The discussions that Kenyans are now having is whether the sort of transportation nightmare that was witnessed along the Nairobi Naivasha road during the weekend preceding the Christmas week was actually necessary.

There are two lingering questions. One, is why must those who can afford to visit home frequently create traffic snarl-ups on the roads just because of Christmas? Two, why must every one travel on the same day at the same time thereby inconveniencing everyone? Beyond being an effort to join the rural folks in cultural celebrations, there is a huge behavioral problem among these people.

Every one wants to get home as fast as possible, and in the process, they break the very basic traffic rule of staying on one’s lane. Once everyone tries to overlap on the road, a gridlock is created, and everyone, including young children using public transport, are kept on the road, desperate, hungry and cursing, for hours on end. This unique Kenyan spectacle looks like the annual migration of the wildebeest from Serengeti in Tanzania across the Mara River in Kenya.

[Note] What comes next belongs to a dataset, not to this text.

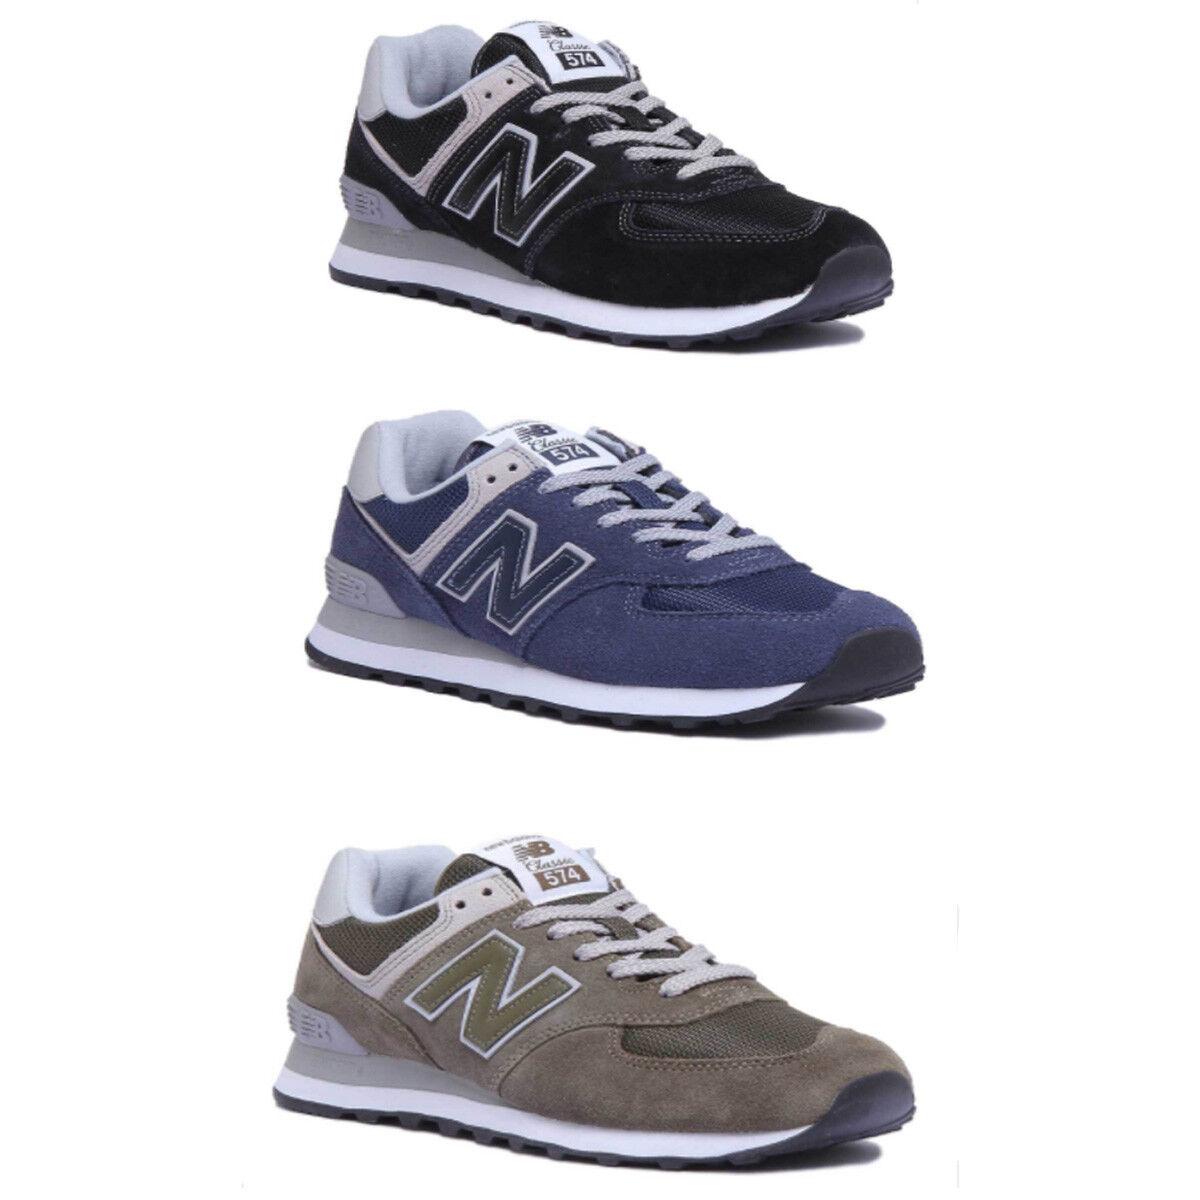 New Balance ML574EGN Vintage Classic Damen Laufschuhe Fitness Sneaker Sport Turn

Many netizens have been accusing the government for neglecting the plight of common commuters plying the Nairobi/Naivasha road. What is the government supposed to do to citizens who are fully aware that their behavior will definitely lead to a gridlock on the road, but they still go ahead and overlap? This is a typical selfish mindset, where everyone wants everything for themselves.

It is reflective of post-independence leadership practices in Africa where the “big man” saw all the resources of the country as his own, and utilized them as such. The laws of the land were changed to legitimize and protect this gluttonous behavior by “leaders”. So, citizens have adopted the “everyone for themselves, and God for us all” attitude. It will take leadership from the top to have a change of mindset in order for things to get better at the bottom.


Meanwhile, the annual migration of Kenyans to the rural villages over Christmas holidays will continue, and the gridlock on the roads will persist until there is a change in mindset. When that change in mindset will occur – if ever it will occur – it is only God who knows.


May the New Year 2025 bring great tidings to all our families.